Assignment
Would you write out the listing verbatim and skip every picture in it?
Start of Collected material
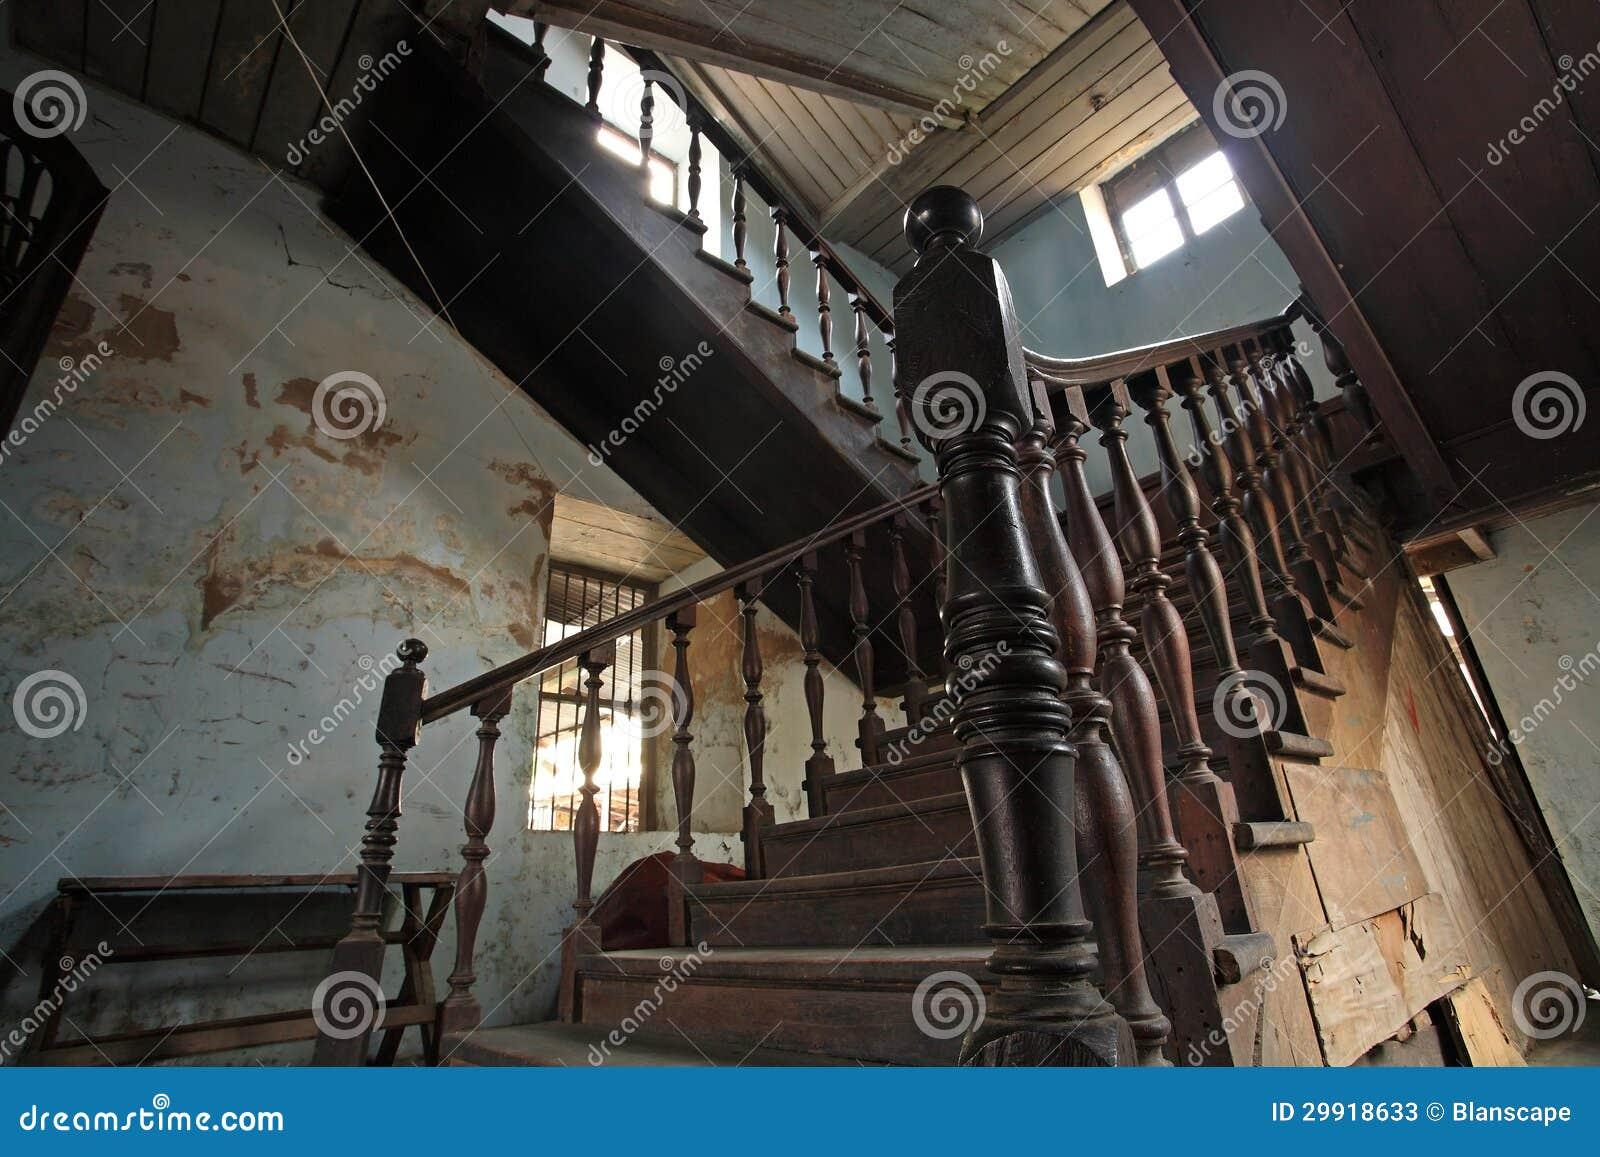 Escaleras de madera antiguas interiores imagen de archivo - Escaleras antiguas de madera ...
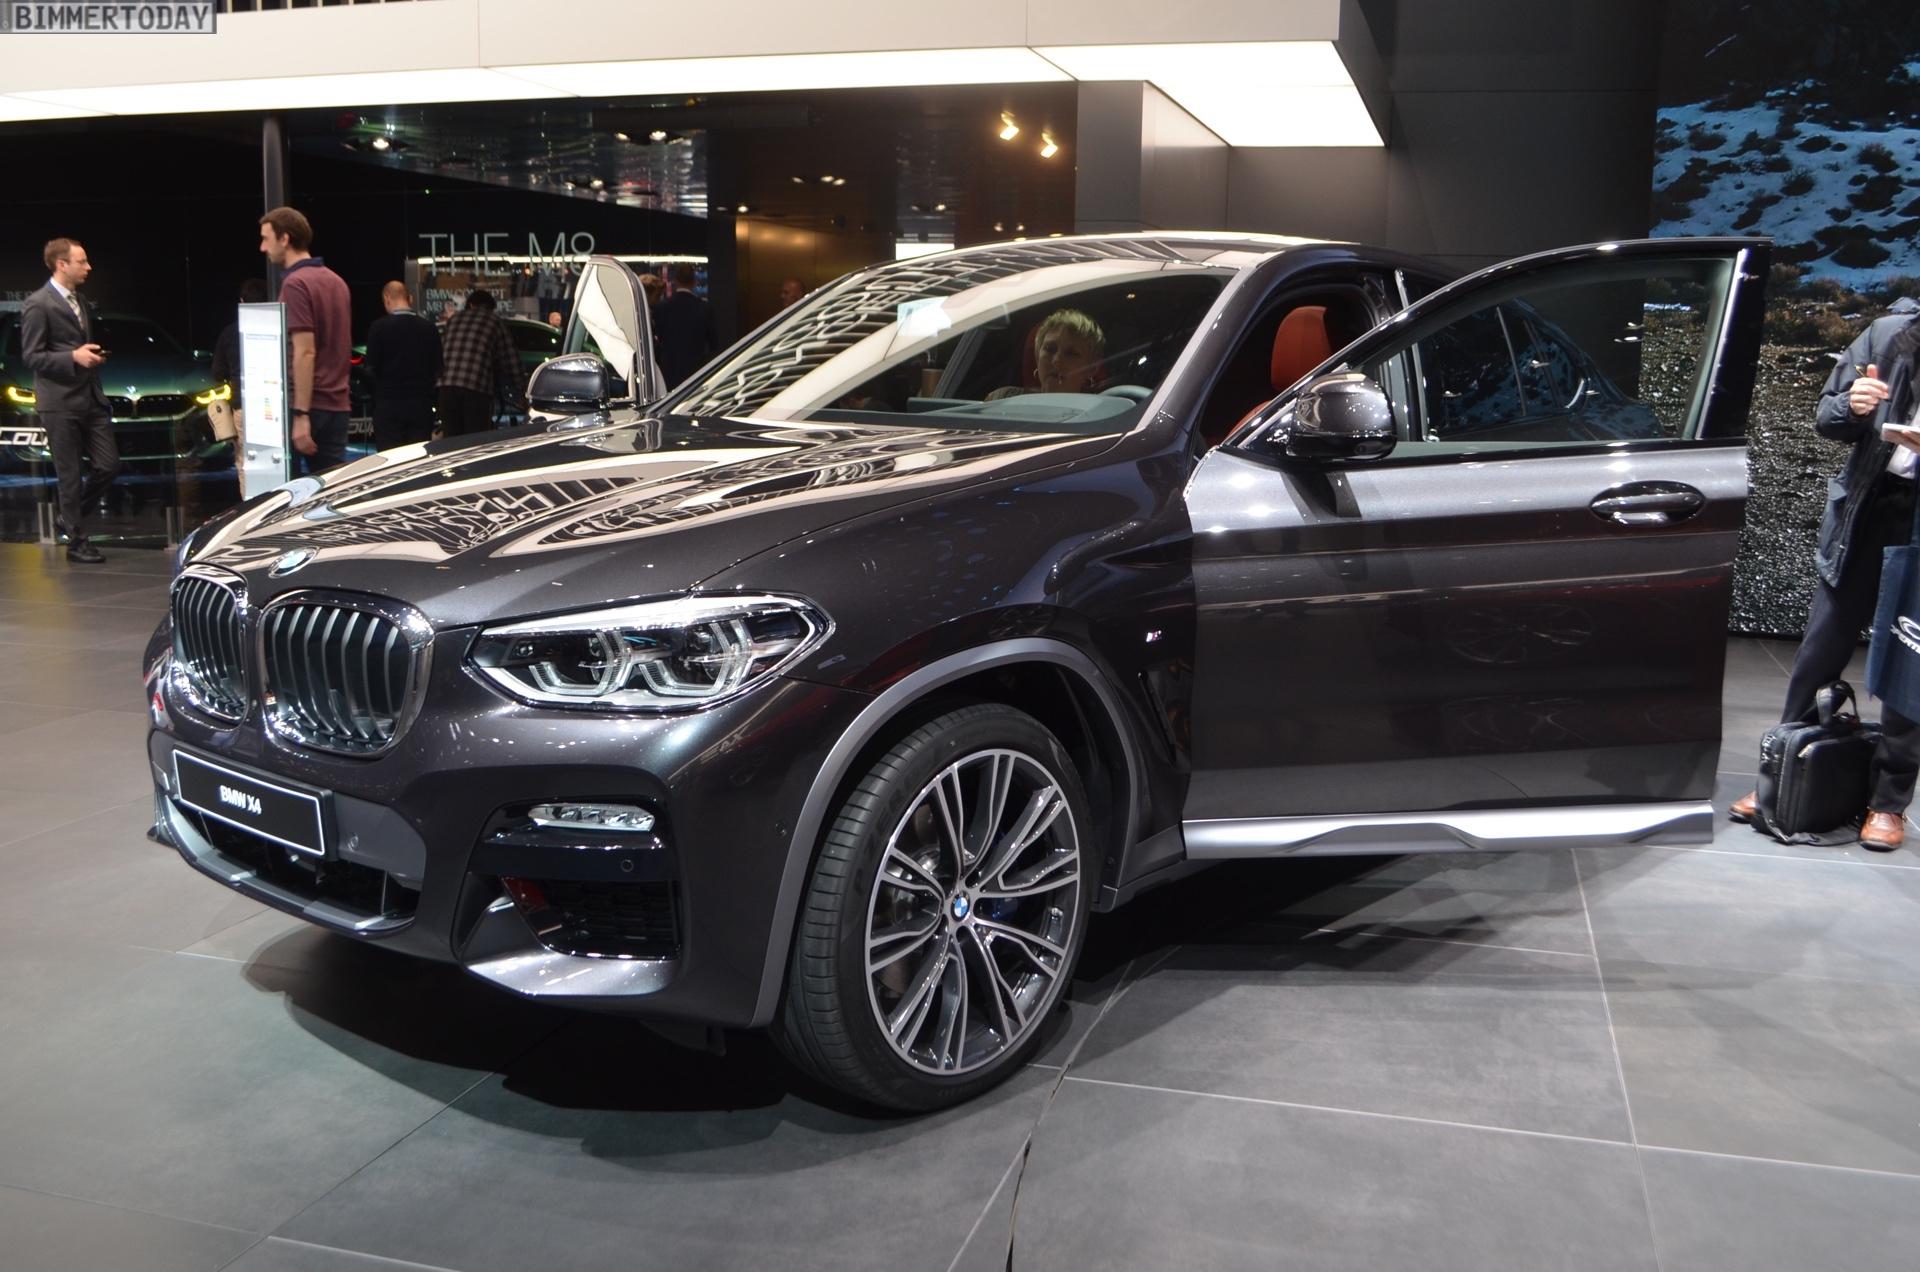 2018 Geneva Motor Show New Bmw X4 In Sophisto Grey
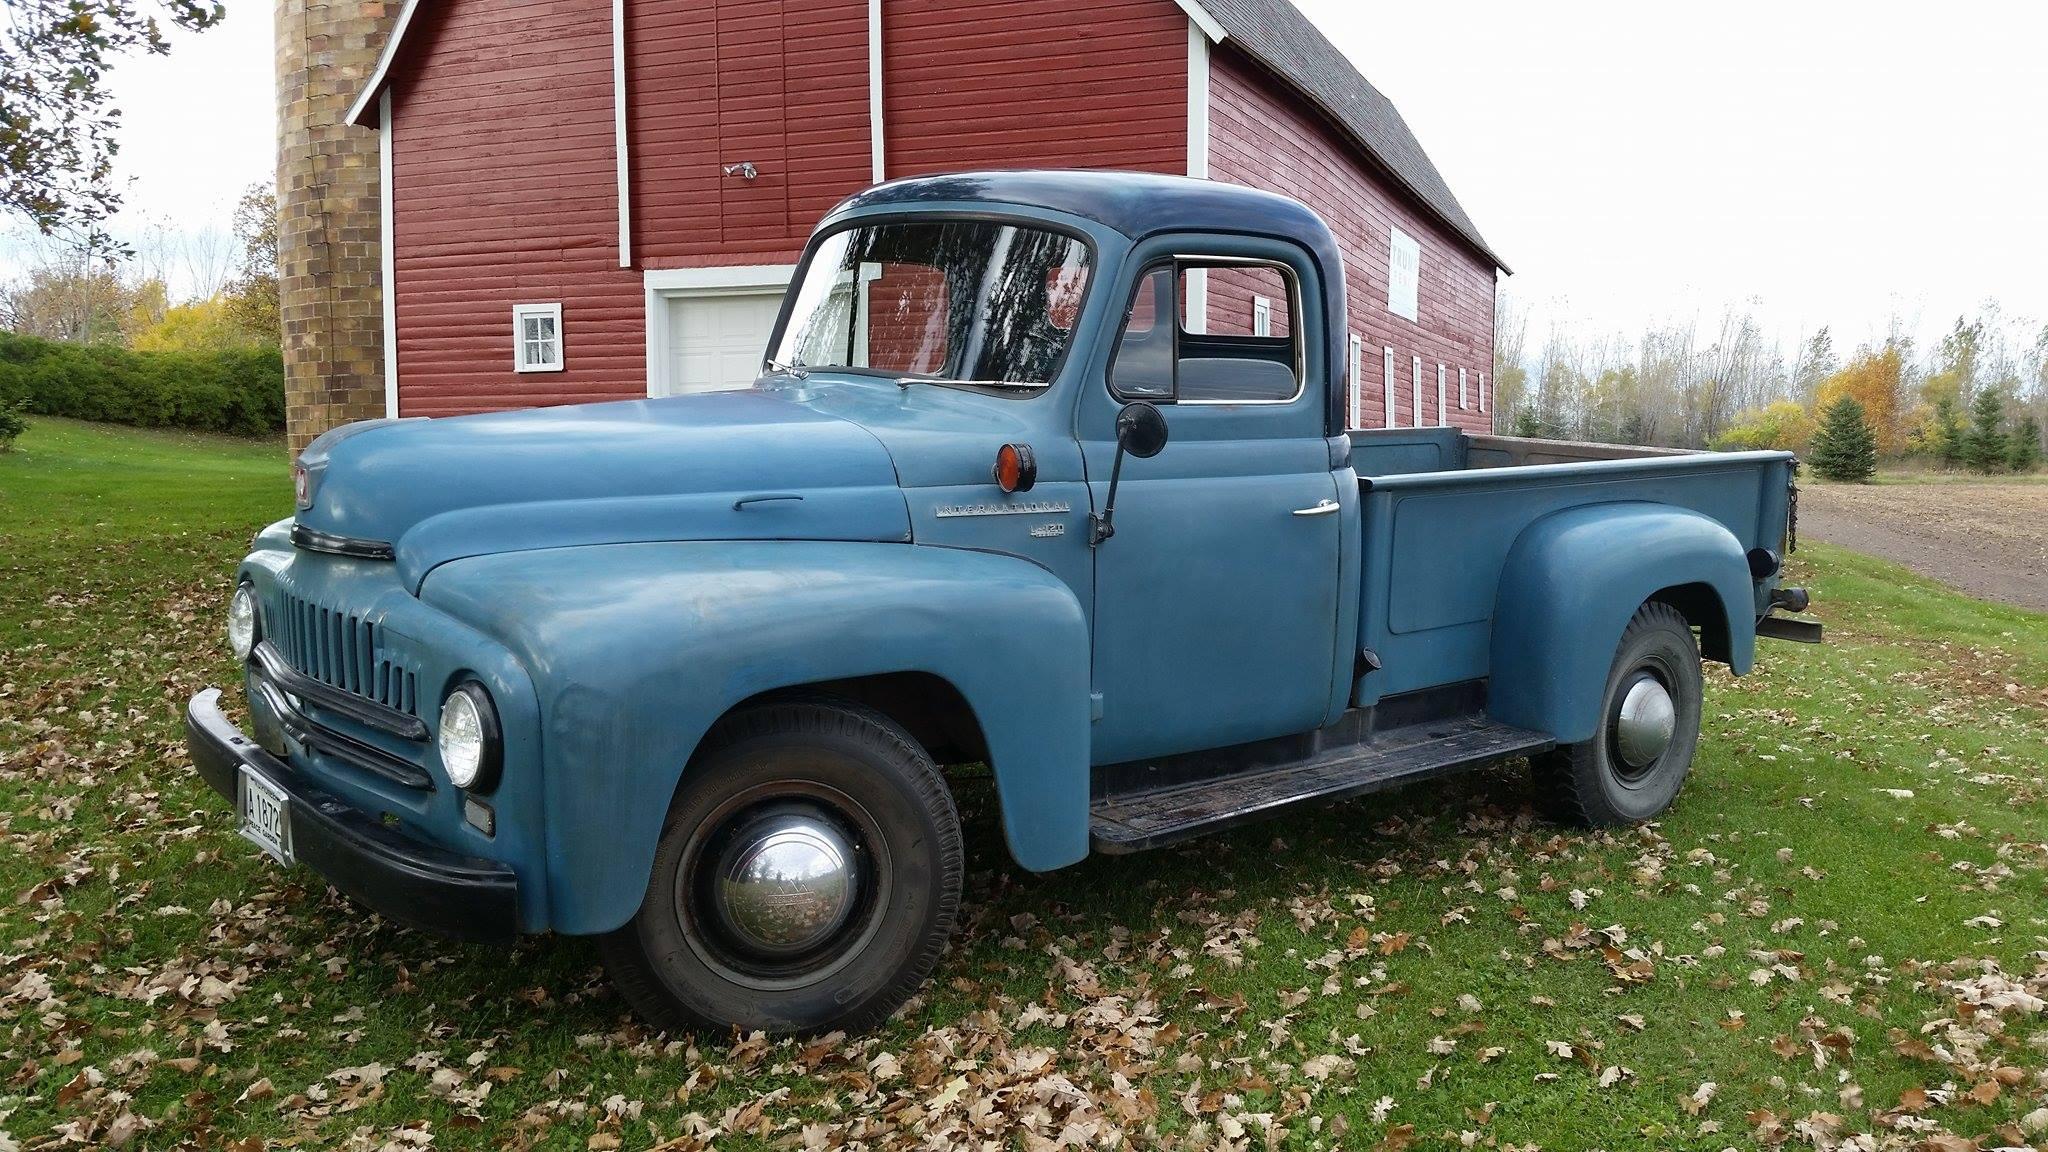 Backyard Classics | Classic Cars | Thief River Falls MN
End of Collected material
Answer space
 Escaleras de madera antiguas interiores imagen de archivo - Escaleras antiguas de madera ...
 2018 Geneva Motor Show New Bmw X4 In Sophisto Grey
 Backyard Classics | Classic Cars | Thief River Falls MN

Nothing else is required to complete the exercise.